GPU Accelerated MC-OST Solvation Free Energy

Monte Carlo Orthogonal Space Random Walk (MC-OST) based sampling algorithm used to sample the thermodynamic landscape between two well defined molecular end states with the end goal of calculating the free energy difference between those two states. The defined end states are connected via a thermodynamic path that is a function of lambda that spans 0 to 1 (where 0 represents one well defined end state, 1 represents the other well defined end state and everywhere in between is an "alchemical" state that is comprised of aspects of both end states). This algorithm combines the sophisticated nature of MC-OST sampling algorithms (implemented mainly using the FFX software package on a CPU) with the raw computational power of the GPU specialized OpenMM code to accurately and efficiently sample coordinate space and explore thermodynamic landscapes.

Calculating Solvation Free Energy for a Single Water Molecular: Preparation

This section outlines how to perform a simple solvation free energy calculation for a single water molecule in a box of water using the AMOEBA Water 2014 force field. The path to scale both nonbonded forces and calculate their free energies has been impelmented such that the solvation free energy can be calculated in a single simulation. The example XYZ structure file can be found in waterbox.xyz

The .key or .parameters file can be used to specify different parameters for the system such as which force field to use, the system size (for this system we are using a cube of water with dimension 28.0 Angstrom as notified by the a-axis line), the non bonded method calculations as well as their cutoffs and many more options. Below is the initial key file used for the water system shown above.

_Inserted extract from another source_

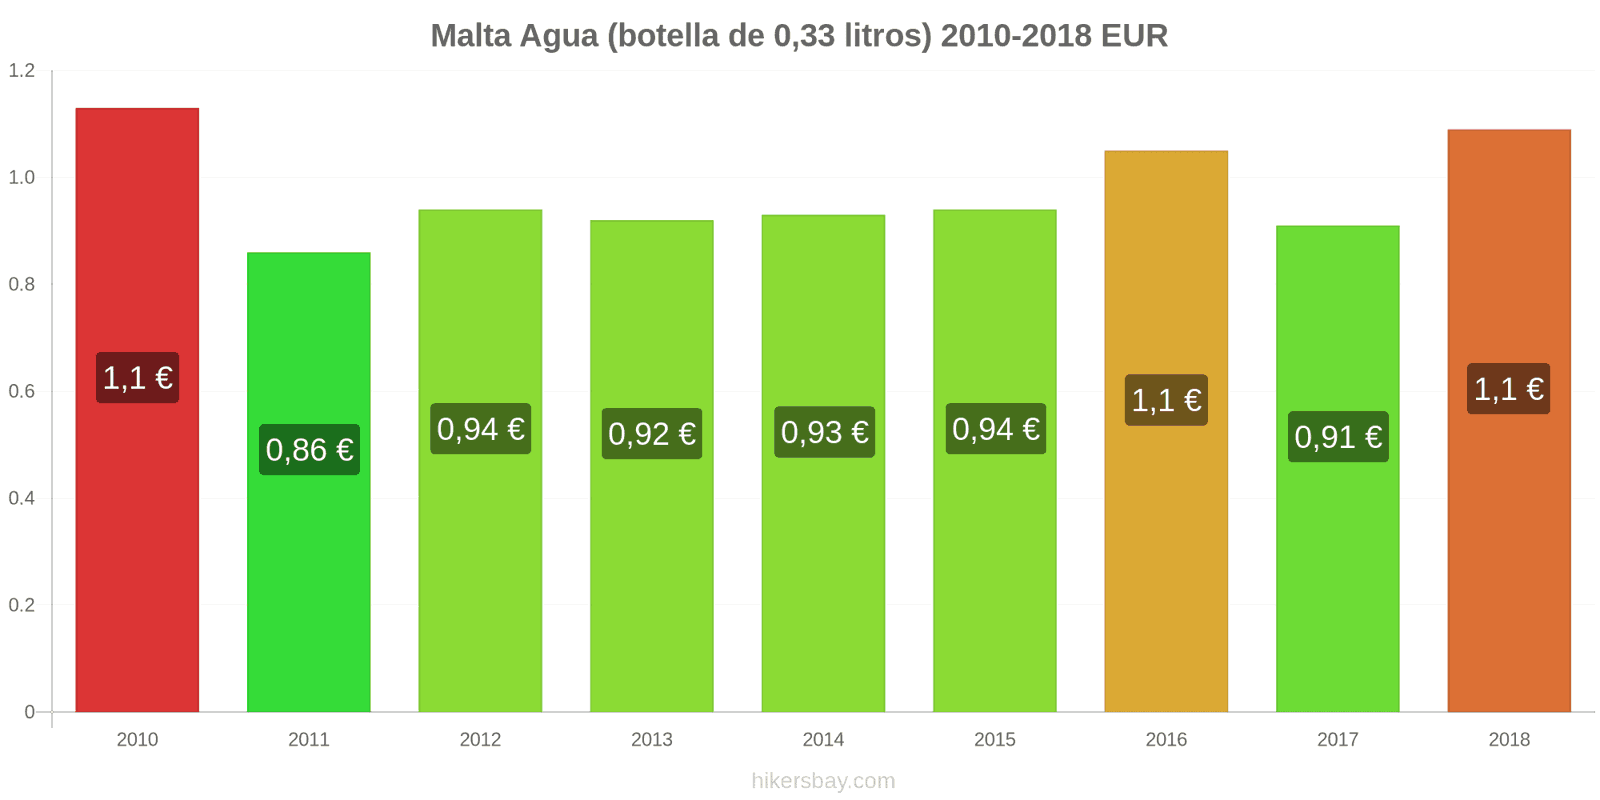 Malta cambios de precios Agua (botella de 0.33 litros) hikersbay.com

                        forcefield amoeba-water-2003

                        a-axis     28.0
                        spacegroup P1
                    
                        ewald
                        ewald-cutoff 7.0
                        vdw-cutoff 12.0

Opmitizing a structure to elminate bad contacts between atoms may be necessary before using the MC-OST algorithm to explore a thermodynamic landscape. The FFX command Minimize can be used to accomplish the optimization. Once the optimization is complete, make sure to rename the output to easiliy distinguish the optimized structure from the original (example change the name to waterbox_min.xyz) and copy a key file with the same naming convention for the next step in the preparation phase. An example Minimize command is shown below.

ffxc Minimize -e 0.1 waterbox.xyz

It is important to equilibrate the newly optimized system to ensure that it relaxes into a state suitable for sampling using MC-OST. To accomplish this, a quick molecular dynamics run should be run. The Dynamics (or DynamicsOpenMM) command simulates the behavior of the molecular system over time under a defined state of conditions. This dynamics run subjects the system to constant conditions that overtime relax the system into a confirmation that is useful for thermodynamic sampling under the given conditions. For this example, we will equilibrate the system under constant temperature, constant volume and constant number of particles (known as the canonical ensemble) to prepare the system for thermodynamic sampling. An example DynamicsOpenMM command as well as a table describing the flag set used is shown below.

ffxc DynamicsOpenMM -n 1000000 -d 1.0 -z 100 -i STOCHASTIC -t 298.15 -k 10.0 -w 10.0 -F XYZ waterbox_min.xyz

Flag	Description
-n 1000000	Specifies the number of time steps to run for the simulation
-d 1.0	Specifies the time step (in femto seconds) used in the simulation
-z 100	Specifies the number of steps done on the GPU before reporting the energy back to the CPU
-i STOCHASTIC	Specifies the integrator used for the simulation
-t 298.15	Specifies the target temperature for the system
-k 10.0	Specifies the amount of time (in picoseconds) between restart file write out
-w 10.0	Specifies the amount of time (in picoseconds) between coordinate file write out
-F XYZ	Specifies the style of coordinate file write out (Either PDB or XYZ)

Calculating Solvation Free Energy for a Single Water Molecular: Production

The final coordinate file written to the .arc should be the file used for the thermodynamic sampling production run. It is a good idea to name this final "snapshot" so that it is easily identified (i.e. rename to waterbox_pro.xyz). A copy of the key file used for the dynamics run should be created and named similar to the structure file. The final preparation step is to add in the keywords necessary to do the solvation free energy calculation to the key file. An example of the edited key file can be seen below.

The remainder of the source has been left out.